For KU football assistant coaches Joshua Eargle (recruiting coordinator/tight ends/fullbacks), Ben Iannacchione (strength and conditioning), Jordan Peterson (safeties), Chidera Uzo-Diribe (outside linebackers) and Jonathan Wallace (special teams coordinator/running backs) nearly everything about their daily routine is different today from what it was a year ago.

Eargle and Uzo-Diribe were at Kansas in 2019 but in supporting roles. Iannacchione, Peterson and Wallace were all at different schools.

Today, they’re all in the same boat, with new offices, new roles, new responsibilities and new faces to know and names to learn.

The fact that so many of those faces have appeared in small squares on a computer screen instead of behind a helmet with a name written in black marker on a piece of tape across the top has made the transition more difficult than expected.

“If we had spring ball, there’d be a lot less anxiety by the assistant coaches,” Miles recently told the Journal-World during a phone interview from his home.

Miles typically does not make assistant coaches available for interviews.

Despite spending the spring in a virtual coaching capacity instead of on the field, Miles said his assistants were making the most of their time and doing everything in their power to be ready for the day that football resumes.

A lot of that work has been done on the recruiting trail, where KU already has secured commitments from 11 players in the 2021 class.

But Miles said staff meetings, Zoom calls with the players and the chance to discover what technology can teach them about the game has helped the entire KU football staff push through these unusual times.

“The enjoyment of getting it done is still there,” Miles said. “You raise the bar as far as it can be (raised) and expect a positive outcome and then you go perform.”

The Big 12 Conference last week identified June 15 as the first day that Big 12 football players can return to campus for voluntary workouts.
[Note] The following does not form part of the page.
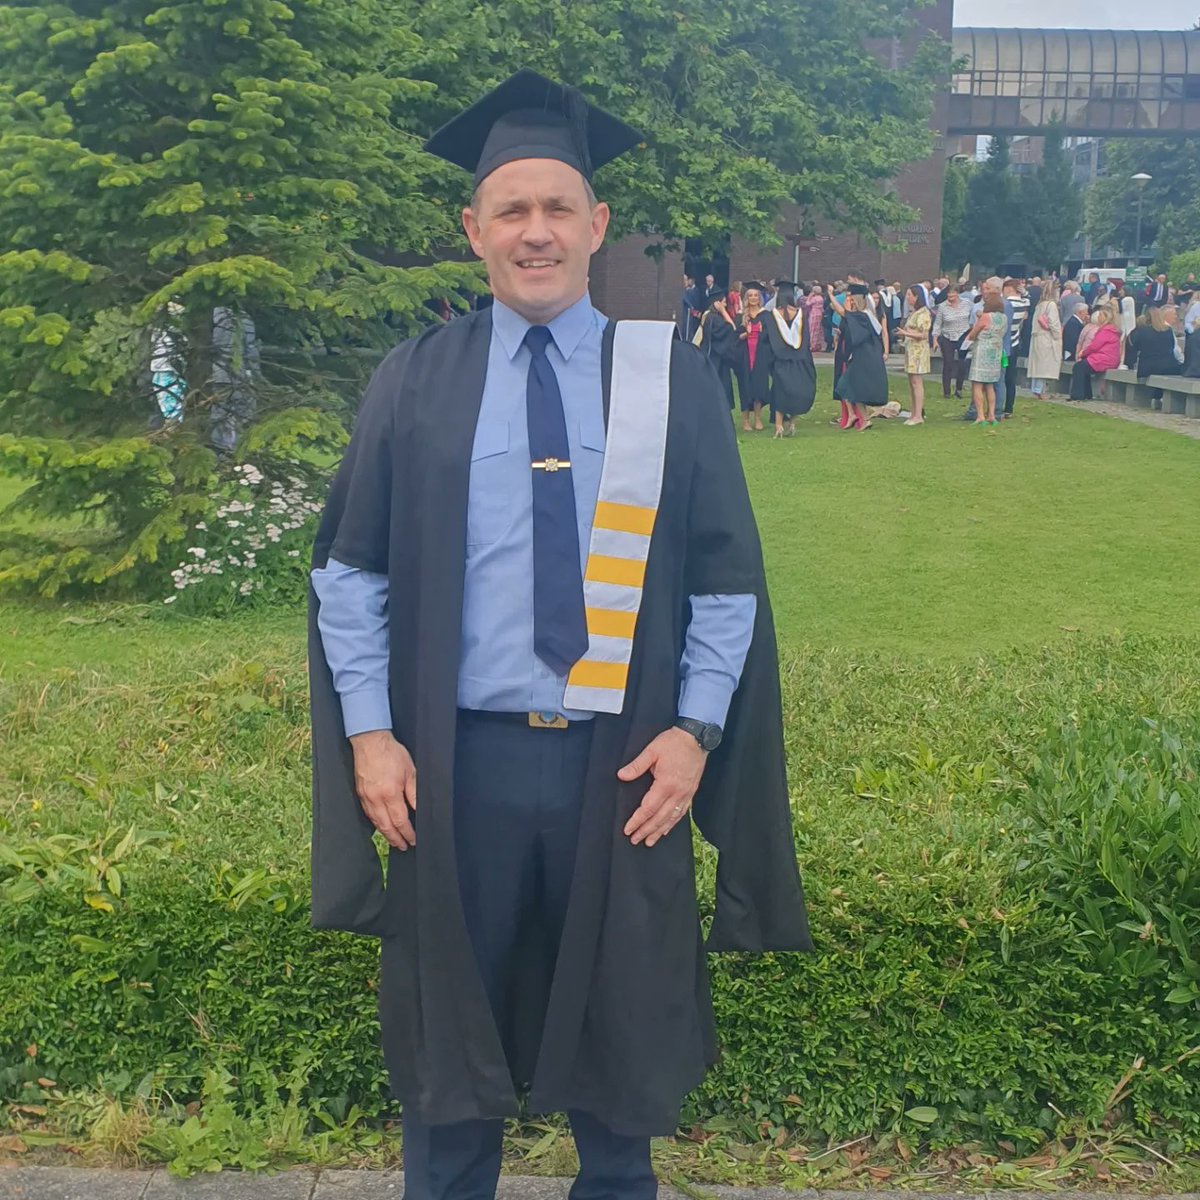 A fantastic day today graduating in @HR_EDIUL having put in a tough year of academic work. Thankful of the support of my family and friends to help me achieve the results I got.     A great day and feeling proud. #universityoflimerick   #ulgraduation

Kansas Athletics, which has opened up its offices to coaches again during the past couple of weeks, is operating on that timeline.

In April, the NCAA granted coaches eight hours per week of virtual instruction with their student-athletes through May 31.

During a typical offseason, coaches are allowed to work with their players for two hours a week, with six additional weekly hours available for strength and conditioning.

That puts Iannacchione and the strength and conditioning staff in a more prominent role in the coming weeks. But Miles said he was looking forward to working with all of his new hires along with KU’s six returning full-time assistants.

“We’re fortunate to have hired some really good, young coaches,” he said.

While a more typical summer schedule — again, on a voluntary basis — is now just a couple of weeks away, it’s possible that life around the Anderson Family Football Complex will start to look a little more normal next month.

But whether that plan goes off without a hitch or brings a new set of challenges, Miles said his staff would continue to work in whatever manner was required.

“Some of the guys that we’ve added, they miss the fact that they can’t sit right next to the player and they can’t walk them through and really practice them,” Miles said. “But we’re getting it done without those essentials.”